(Dataset extract):
***
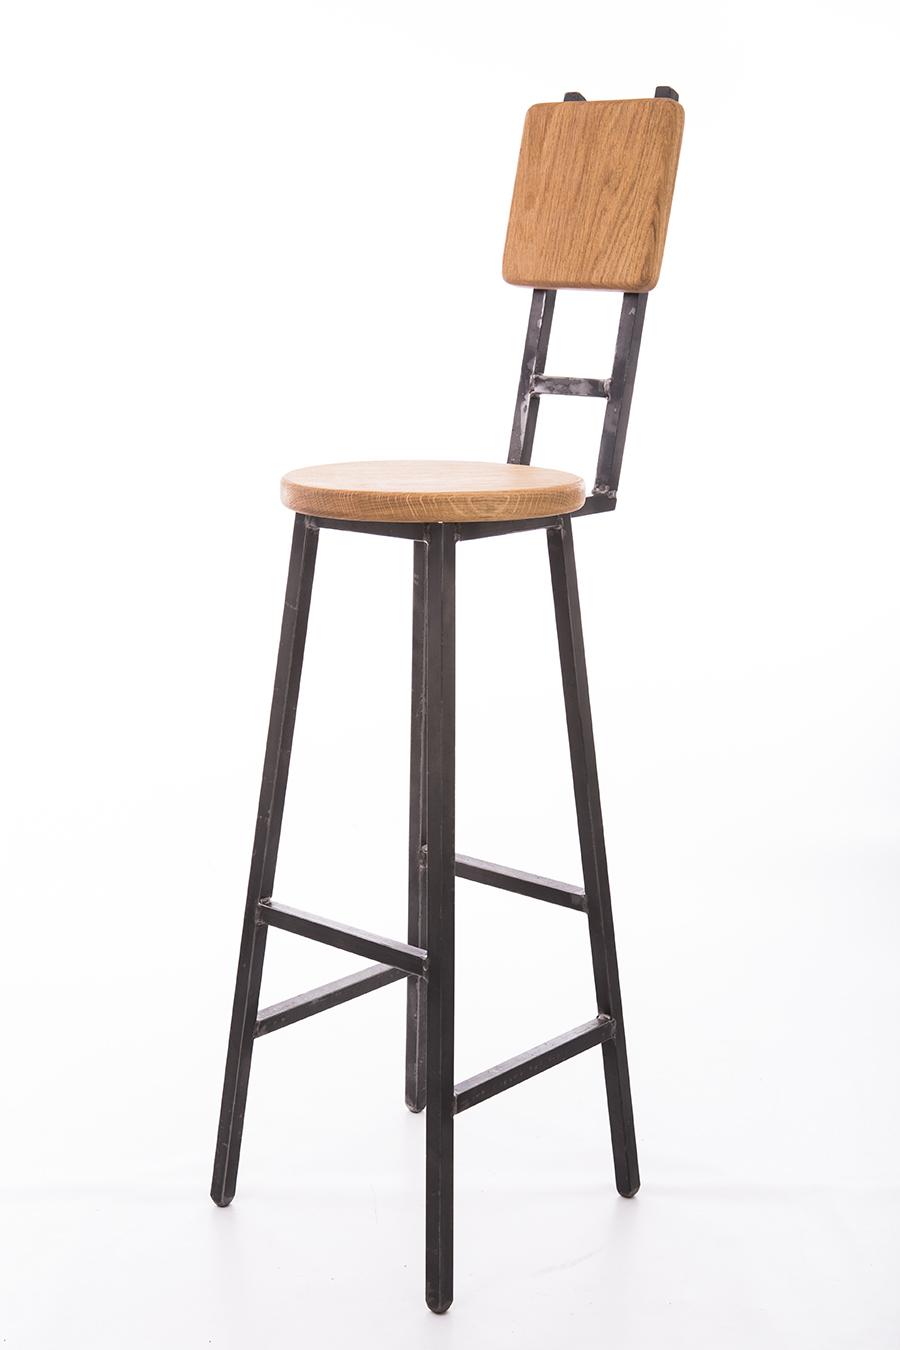 Brian Industrial Bar Stool With Two Bar Back Rest Paul Frampton Design Ltd
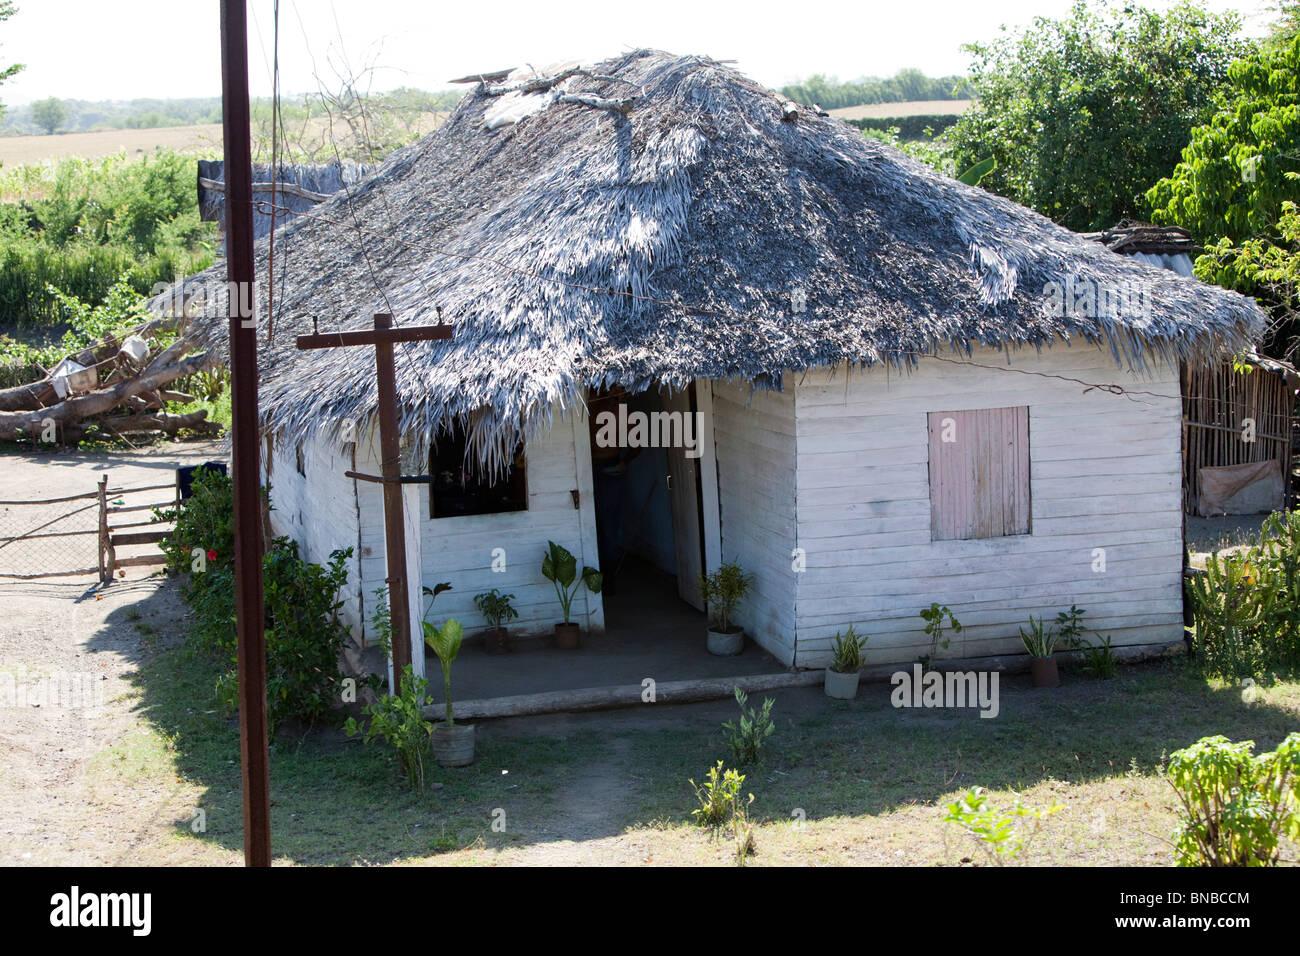 cuban house. - Stock Image
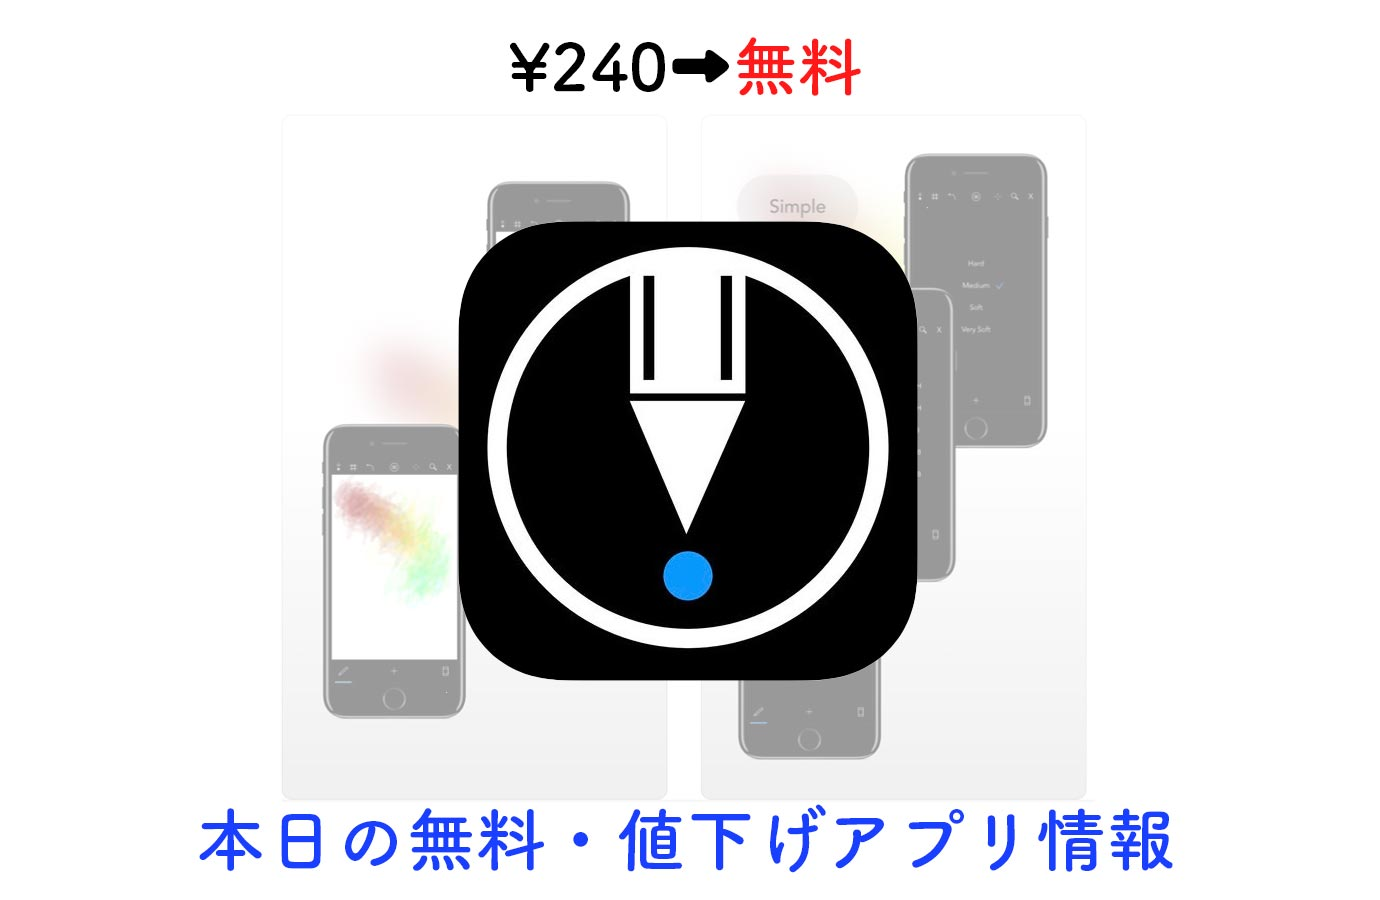 Appsale0528
***
(Your instructions):
The whole listing is to be written out exactly; the pictures stay out of the copy.

(Solution to the exercise):
 Brian Industrial Bar Stool With Two Bar Back Rest Paul Frampton Design Ltd
 cuban house. - Stock Image
 Appsale0528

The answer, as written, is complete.